Cristo intervino entrando en la muerte
Pero Cristo intervino: entró en la muerte. ¡Qué verdad más maravillosa! El Príncipe de la vida penetró allí. Entonces, ¿qué es la muerte para el creyente?
Fijémonos en el alcance completo de esta maravillosa intervención de Dios. Hemos visto que la muerte es el fin del hombre, poder de Satanás, juicio de Dios y paga del pecado. Pero todo eso está relacionado con el primer Adán, el hombre natural que está bajo la sentencia de muerte y de juicio, a causa del pecado. Hemos visto el doble carácter de la muerte: primero, es el fin de la vida, de la fuerza vital; luego, es un testimonio del juicio de Dios al cual ella conduce.
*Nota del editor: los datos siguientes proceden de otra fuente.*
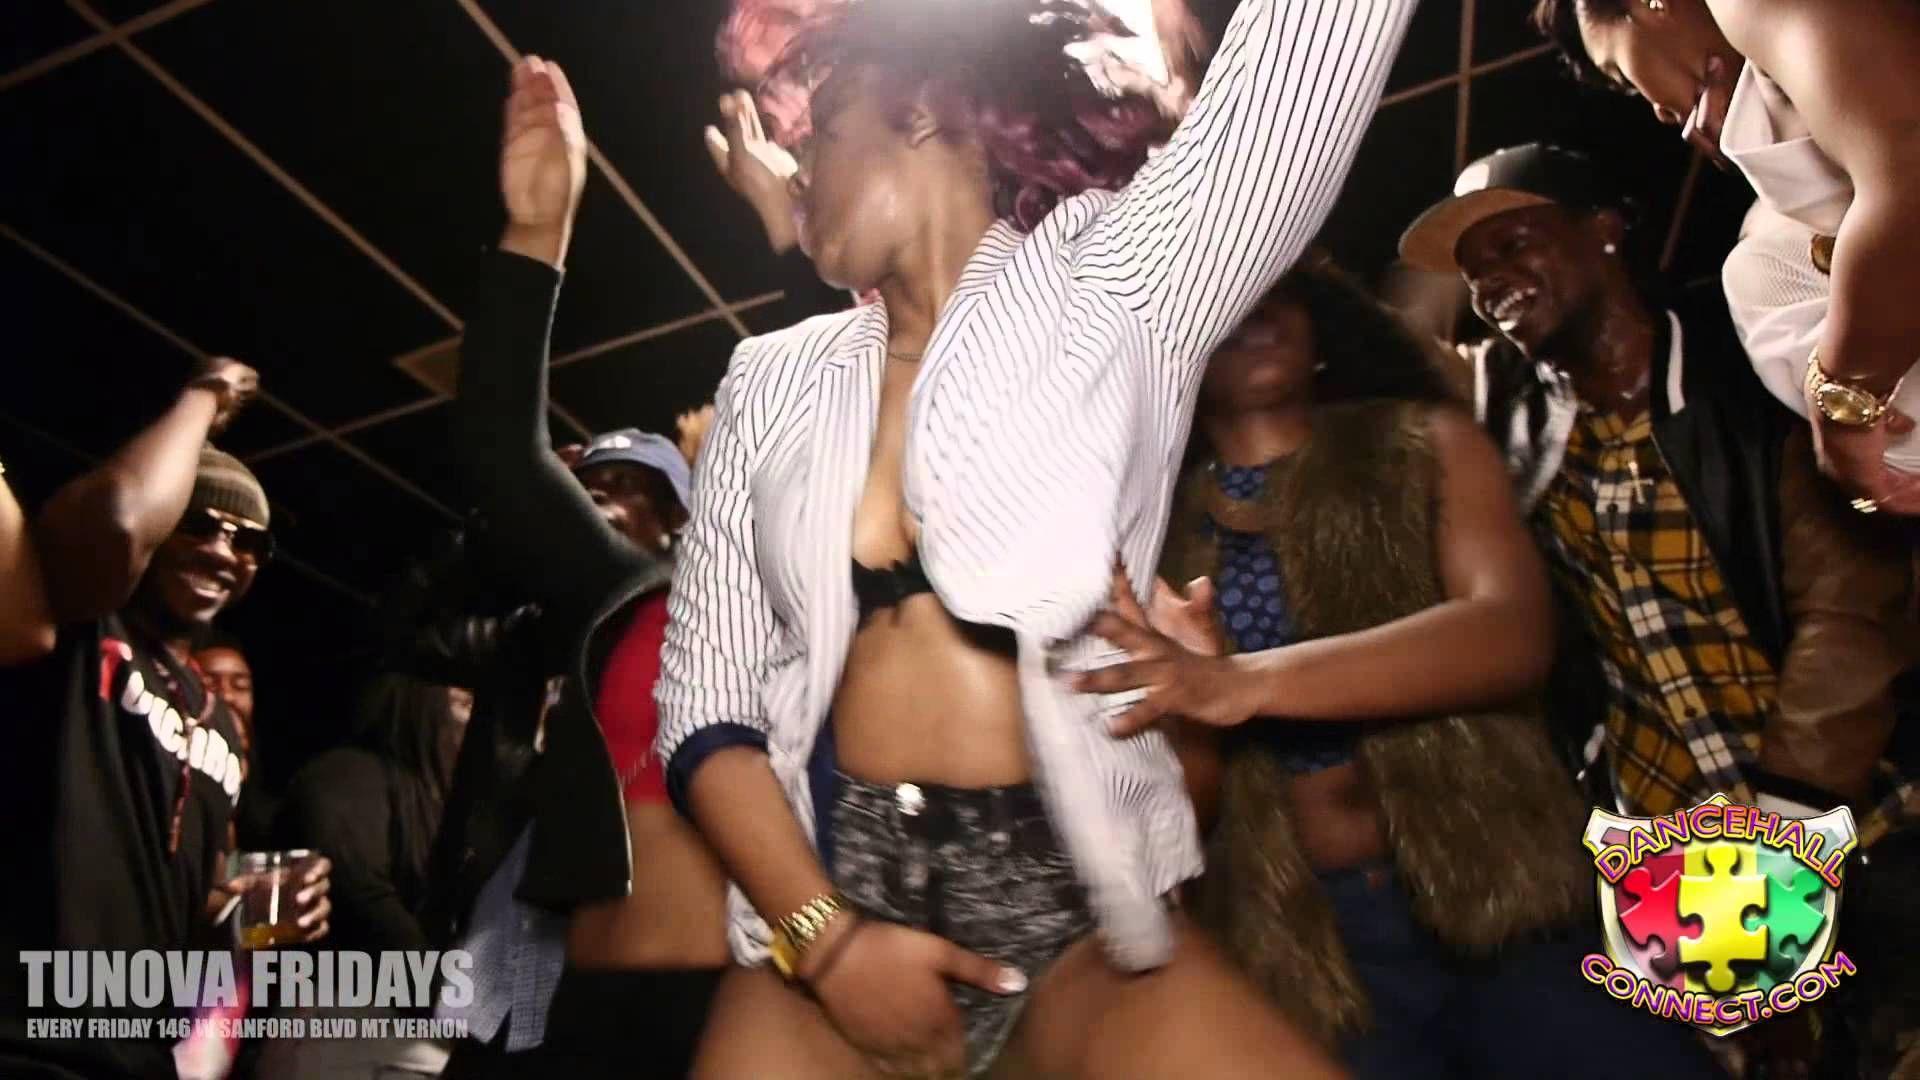 Pussy dance videos #7

Cristo fue hecho pecado por nosotros; sufrió la muerte y la atravesó, siendo ésta el poder de Satanás y el juicio de Dios. Cristo enfrentó a la muerte bajo todos sus aspectos.
Cristo padeció el juicio
Cristo soportó plenamente el juicio de Dios antes de que llegara el día del juicio. Sufrió la muerte como paga del pecado, pese a ser inocente. Así la muerte dejó por completo de sembrar el terror en el alma del creyente. Puede presentarse la muerte física (cuyo poder Cristo destruyó por completo), pero en 1 Corintios 15 leemos: “No todos dormiremos; pero todos seremos transformados… Cuando esto corruptible se haya vestido de incorrupción, y esto mortal se haya vestido de inmortalidad, entonces se cumplirá la palabra que está escrita: Sorbida es la muerte en victoria” (v. 51, 54). Tal es el poder de la vida en Cristo.
Es un hecho infinitamente precioso para nosotros –motivo de profunda consolación y de gozo inefable– poder contemplar a Cristo ¡y decir que él es nuestra vida! La muerte no tiene ningún poder sobre la vida de Cristo. La fortaleza divina, obrando con poder de vida, traga la muerte y nos libera plenamente de las consecuencias del pecado. El mismo poder divino que resucitó a Cristo de entre los muertos, actúa ahora en nosotros y nos resucitará por medio de Jesús.
¿Adónde van los muertos?
No sería necesario escribir sobre este tema si los que deben explicar las enseñanzas de la Palabra de Dios no las desfiguraran y tergiversaran. Los errores de esos falsos maestros provienen, ante todo, de que no están convencidos de la plena autoridad de las Escrituras y las sustituyen por los tristes productos de su imaginación. “Si alguno enseña otra cosa, y no se conforma a las sanas palabras de nuestro Señor Jesucristo, y a la doctrina que es conforme a la piedad, está envanecido, nada sabe, y delira acerca de cuestiones y contiendas de palabras…” (1 Timoteo 6:3-4). La Palabra de Dios califica justamente esas fantasías o ensueños de diferentes doctrinas, de fábulas profanas y de viejas (véase 1 Timoteo 1:3; 4:7; 2 Pedro 1:16).
Han surgido muchas ideas falsas
No nos extrañemos de los errores que cometen estos hombres cuando nos hablan del «sueño del alma» después de la muerte, o de su «desarrollo gradual» después de salir del cuerpo, o de su «paso de esfera en esfera hasta su perfección final». Los librepensadores universalistas acarician esa idea al hablar de las almas que vuelven a encontrar en el más allá los afectos y ocupaciones de este mundo.
Otro error es hablar del «aniquilamiento» o destrucción del alma de los malvados. Resultaría inútil querer agotar la lista de estas alucinaciones e ideas falsas, puesto que no son fruto del cristianismo y, por desgracia, no puede esperarse que sus propagandistas reconozcan su ignorancia. Queremos, sencillamente, afirmar a los queridos hijos de Dios en esa fe que fue dada una vez para siempre a los santos.
La incredulidad es la base de tales errores
La incredulidad acerca de la divina inspiración de las Escrituras es, como ya lo dijimos, la base de todos esos errores. Éstos forman parte de la apostasía predicha por la misma Palabra de Dios, cuyo desenlace final va acercándose. Aquellos creyentes dispuestos a prestar oídos a esos falsos discursos (sea por ignorancia, sea por una confianza mal depositada en los que los adoctrinan) necesitan, pues, someterlos a prueba por medio de las Escrituras.